++++ SUPPLIED ENTRIES ++++
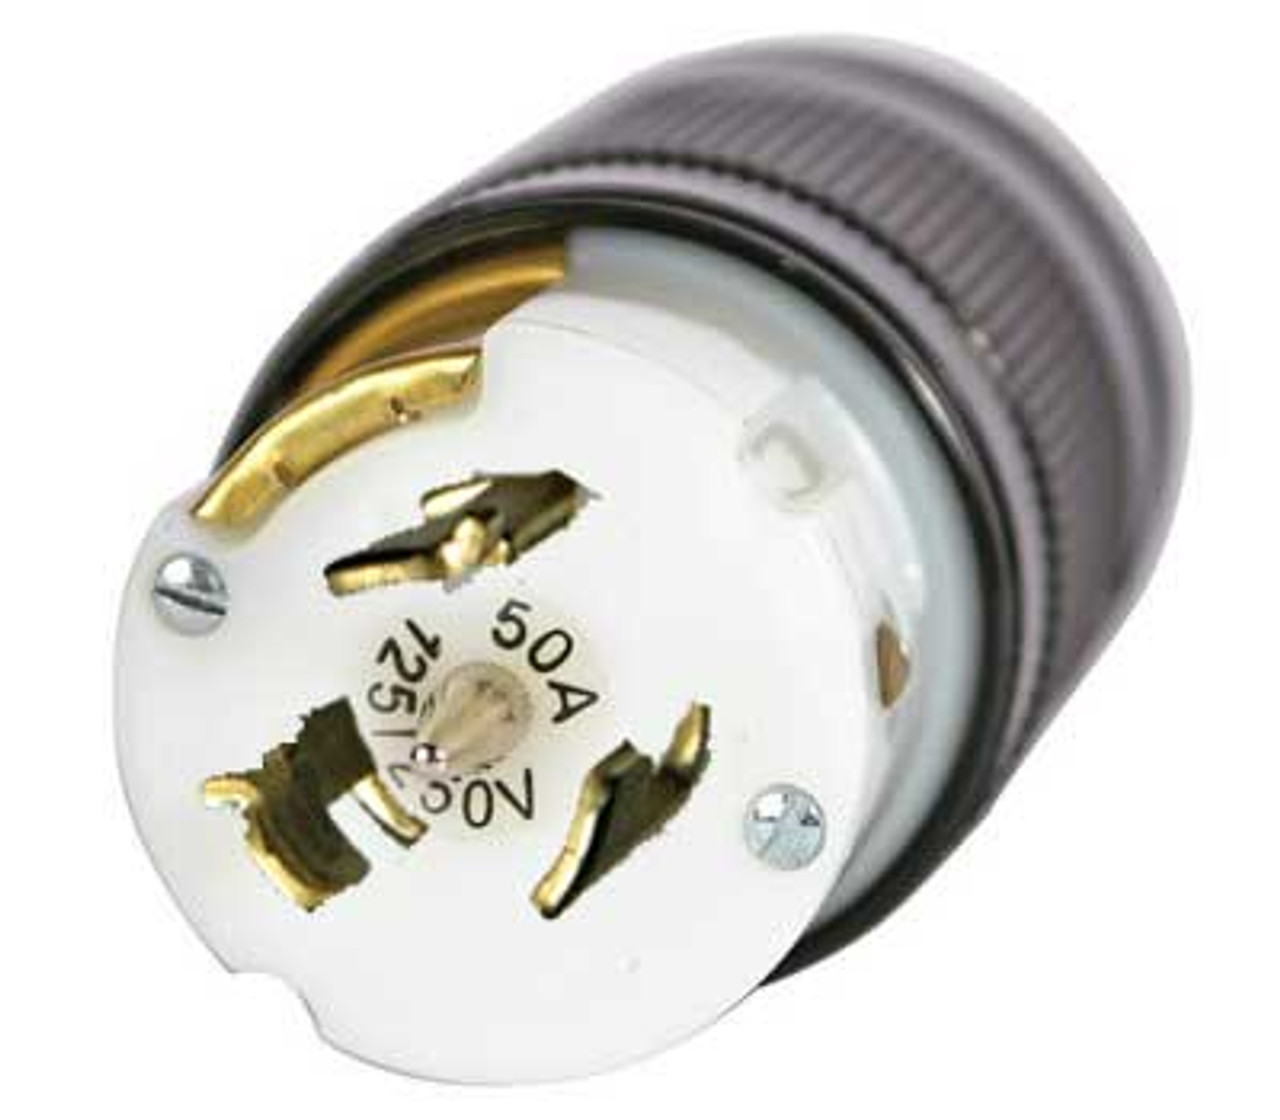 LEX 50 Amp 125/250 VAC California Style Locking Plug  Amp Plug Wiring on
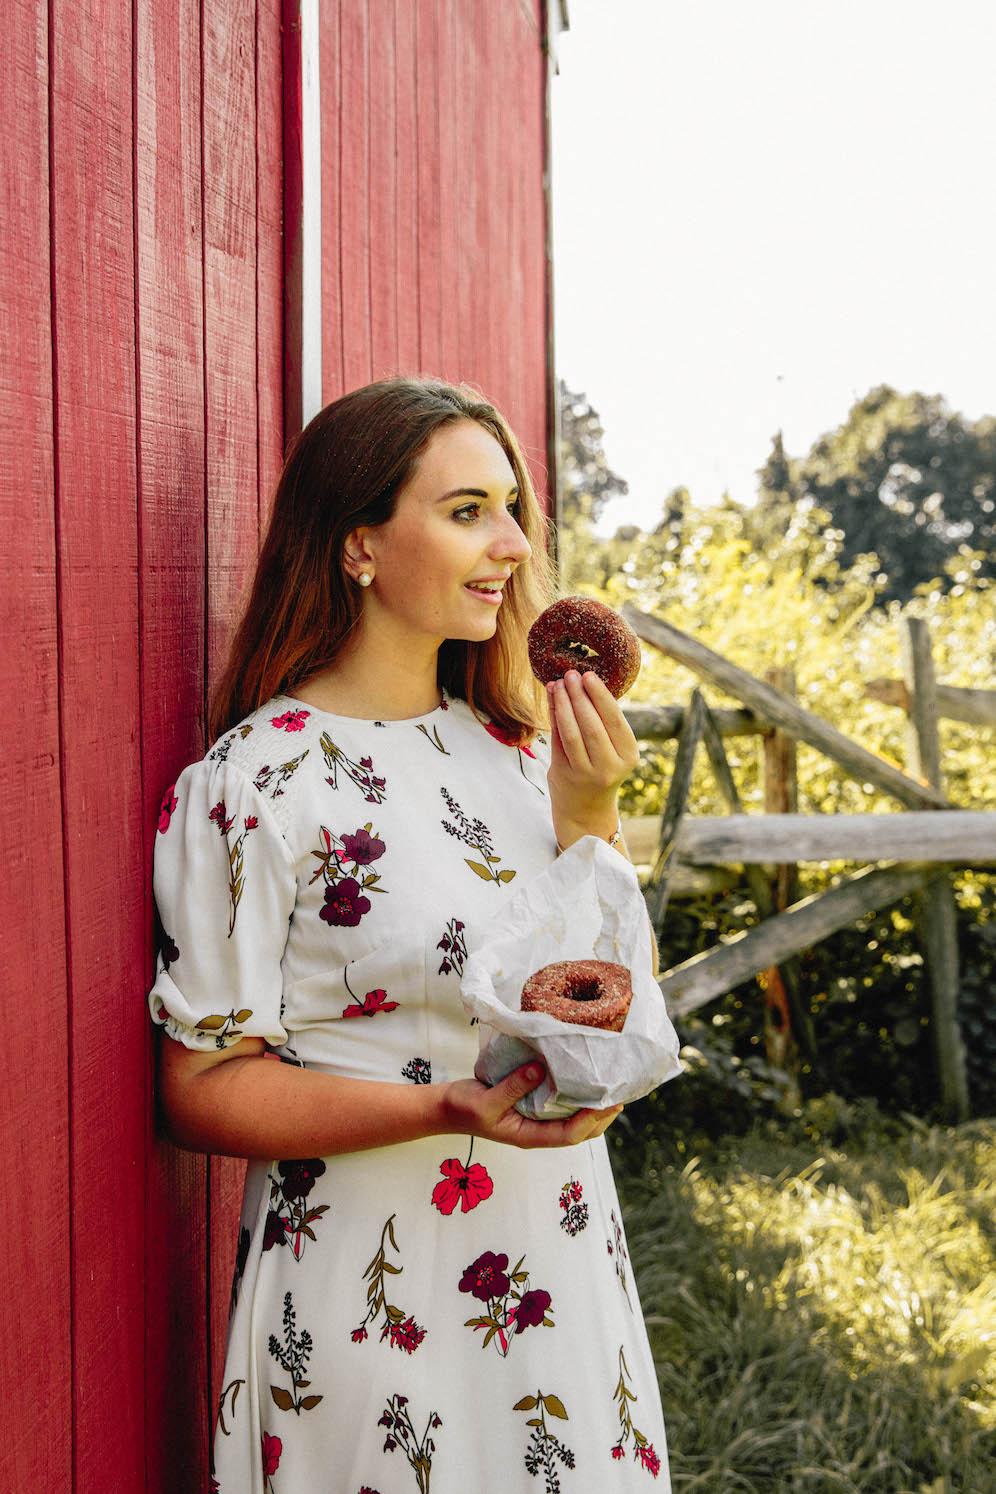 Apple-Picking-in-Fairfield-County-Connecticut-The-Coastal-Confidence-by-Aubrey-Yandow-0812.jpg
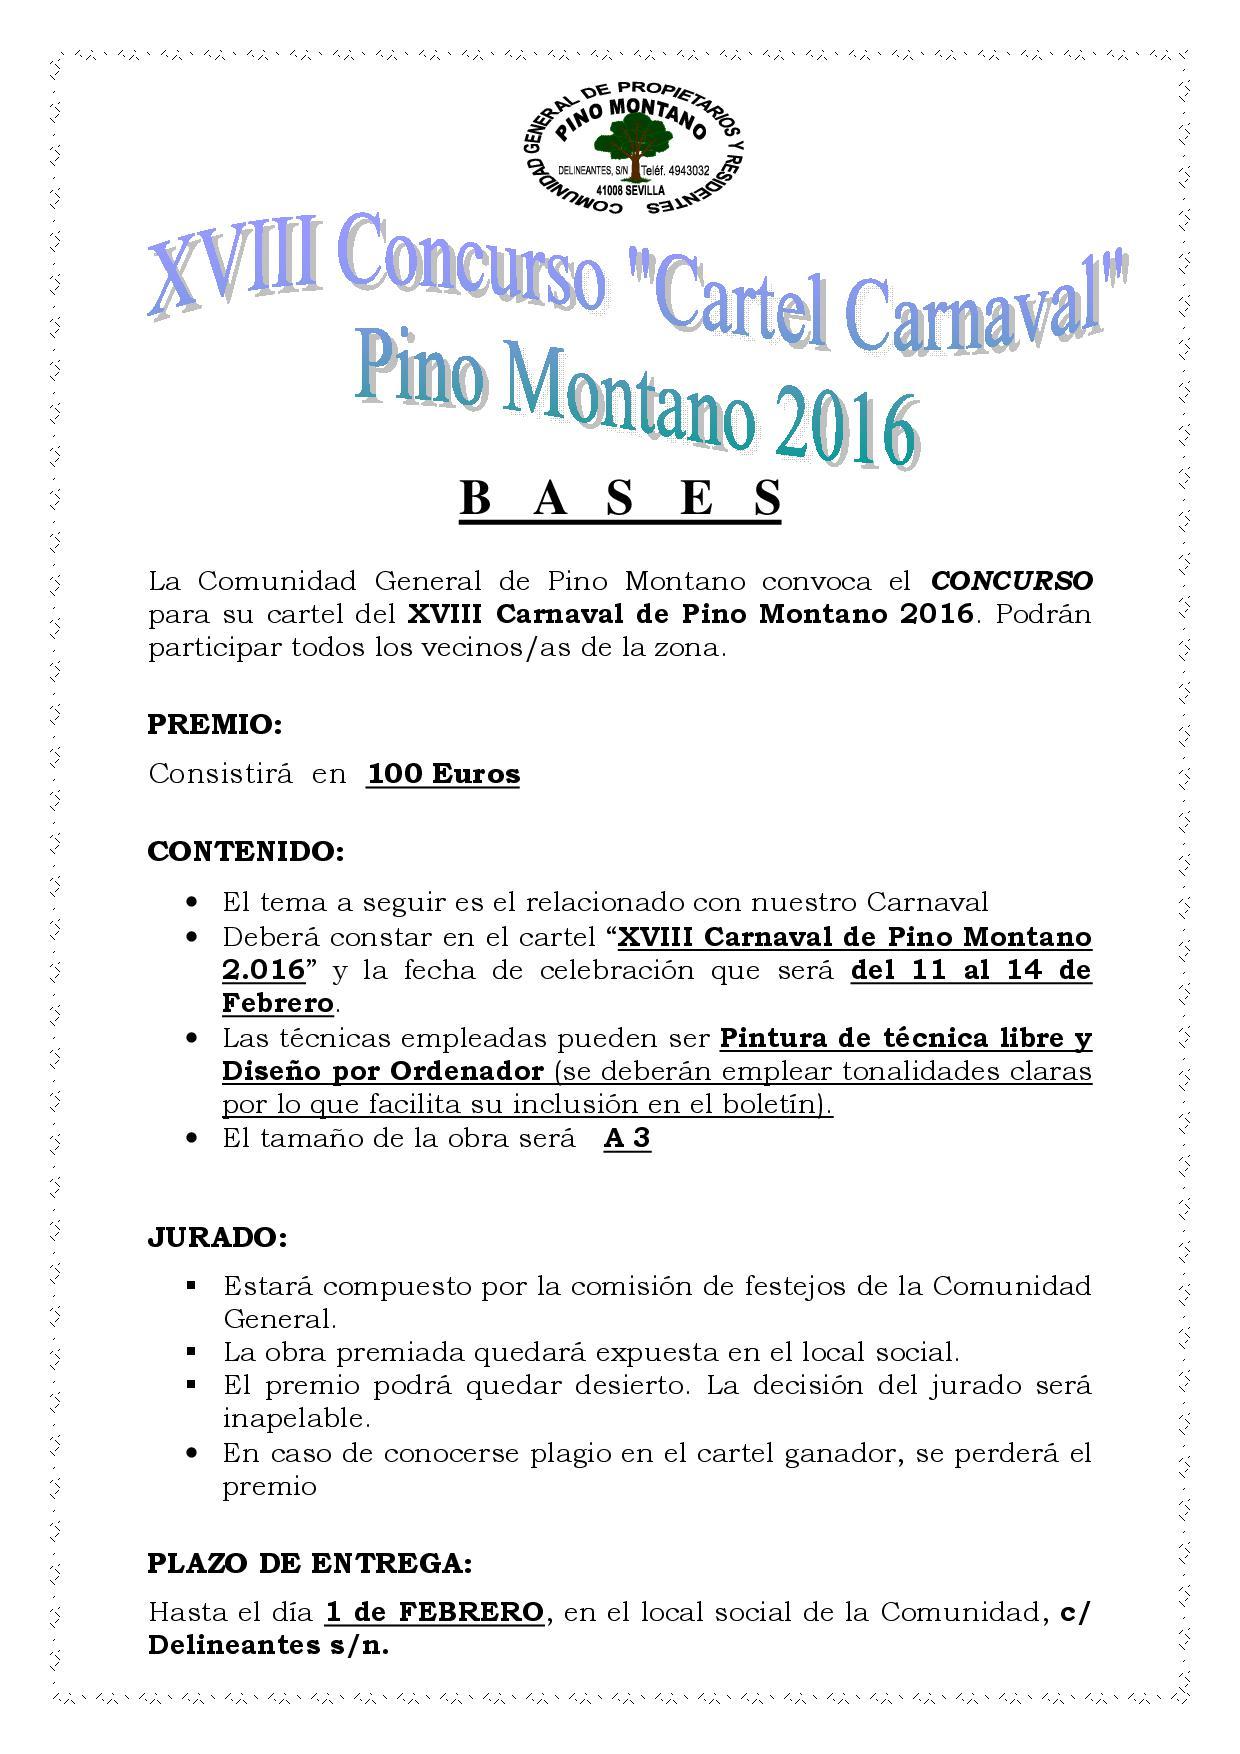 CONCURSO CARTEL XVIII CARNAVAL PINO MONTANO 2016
++++
++++ SUPPLIED ENTRIES ++++
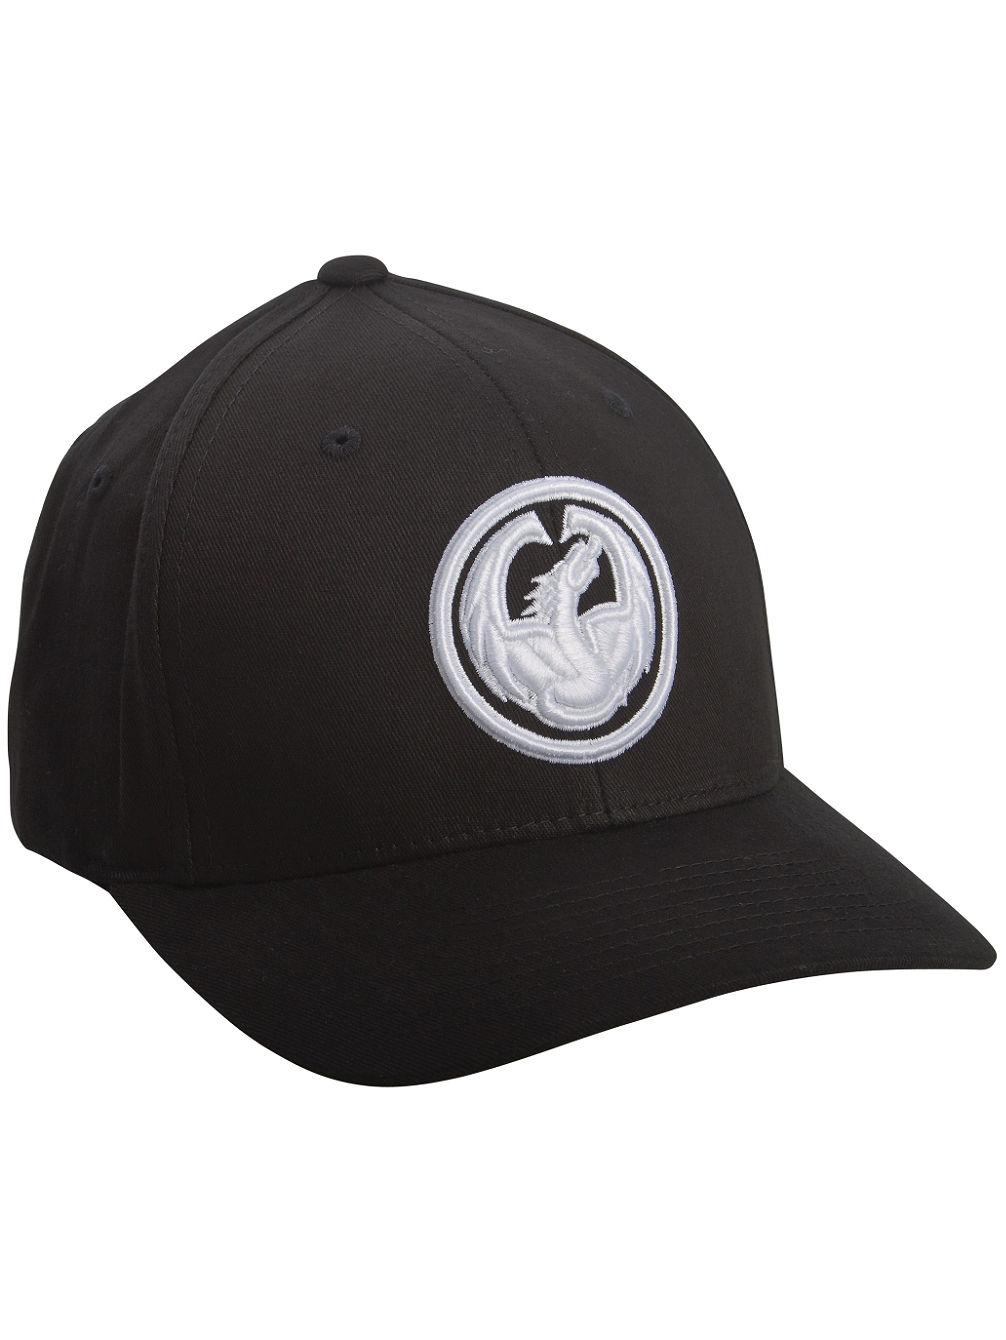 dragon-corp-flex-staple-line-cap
++++
§ PROBLEM STATEMENT
Go to the line above holding "LEX 50 Amp 125/250", then copy exactly each line down to and including the one holding "CONCURSO CARTEL XVIII", leaving pictures out.

§ TASK OUTPUT
 LEX 50 Amp 125/250 VAC California Style Locking Plug  Amp Plug Wiring on
 Apple-Picking-in-Fairfield-County-Connecticut-The-Coastal-Confidence-by-Aubrey-Yandow-0812.jpg
 CONCURSO CARTEL XVIII CARNAVAL PINO MONTANO 2016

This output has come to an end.